Medtronic Sofamor Danek, USA Inc. Shweta Sharma Principal Regulatory Affairs Specialist 1800 Pyramid Place Memphis, Tennessee 38132

Re: K210449

Trade/Device Name: Infinity™ OCT System, PASS OCT® Spinal System Regulation Number: 21 CFR 888.3075 Regulation Name: Posterior Cervical Screw System Regulatory Class: Class II Product Code: NKG, KWP Dated: February 11, 2021 Received: February 16, 2021

Dear Shweta Sharma:

We have reviewed your Section 510(k) premarket notification of intent to market the device referenced above and have determined the device is substantially equivalent (for the indications for use stated in the enclosure) to legally marketed predicate devices marketed in interstate commerce prior to May 28, 1976, the enactment date of the Medical Device Amendments, or to devices that have been reclassified in accordance with the provisions of the Federal Food, Drug, and Cosmetic Act (Act) that do not require approval of a premarket approval application (PMA). You may, therefore, market the device, subject to the general controls provisions of the Act. Although this letter refers to your product as a device, please be aware that some cleared products may instead be combination products. The 510(k) Premarket Notification Database located at https://www.accessdata.fda.gov/scripts/cdrh/cfdocs/cfpmn/pmn.cfm identifies combination product submissions. The general controls provisions of the Act include requirements for annual registration, listing of devices, good manufacturing practice, labeling, and prohibitions against misbranding and adulteration. Please note: CDRH does not evaluate information related to contract liability warranties.
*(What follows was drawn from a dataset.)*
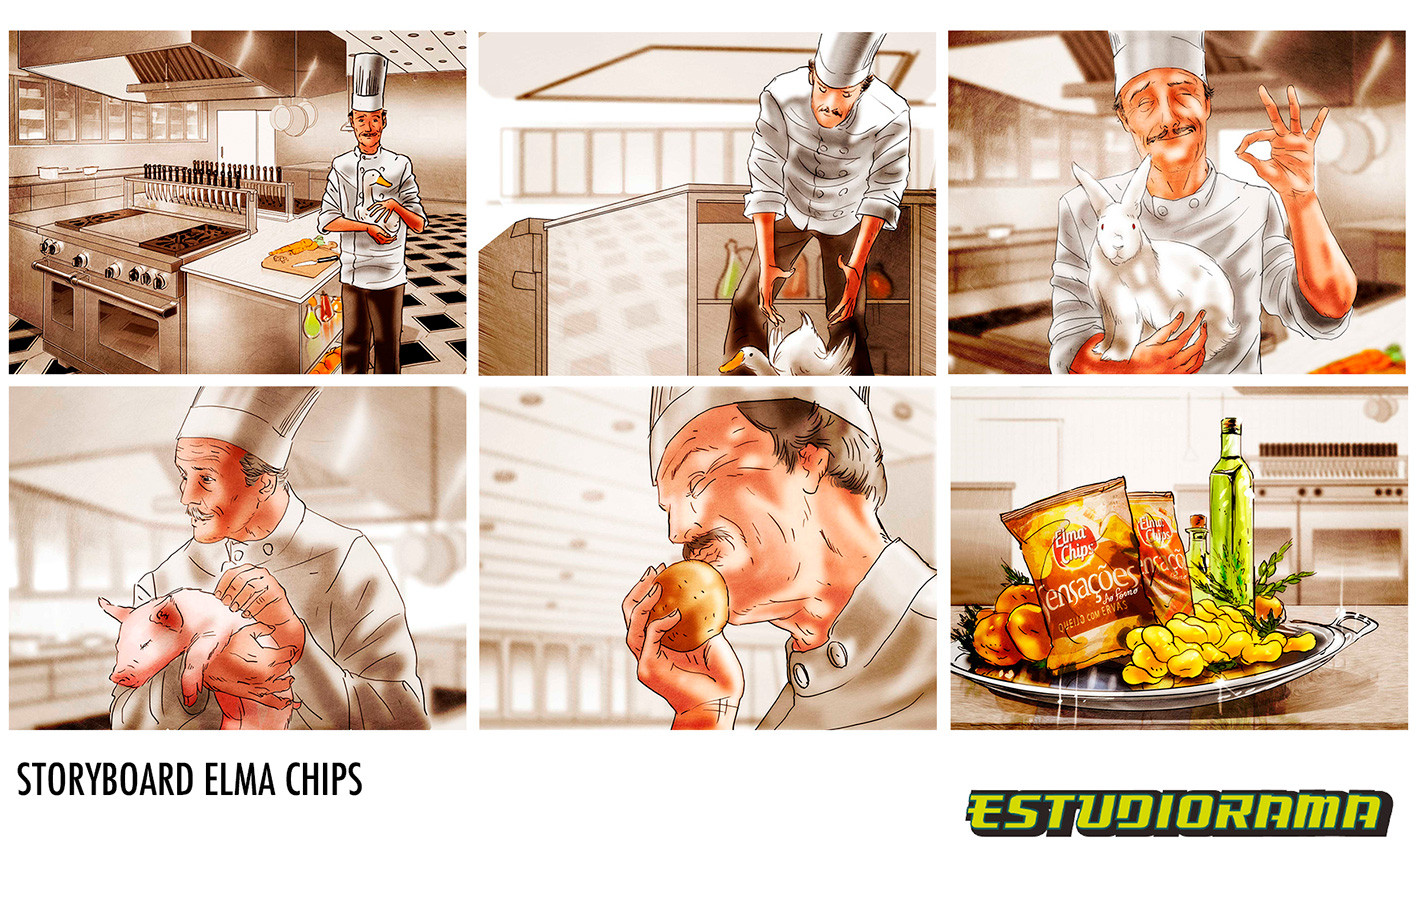 stb-elma-chips.jpg

We remind you, however, that device labeling must be truthful and not misleading.

If your device is classified (see above) into either class II (Special Controls) or class III (PMA), it may be subject to additional controls. Existing major regulations affecting your device can be found in the Code of Federal Regulations, Title 21, Parts 800 to 898. In addition, FDA may publish further announcements concerning your device in the Federal Register.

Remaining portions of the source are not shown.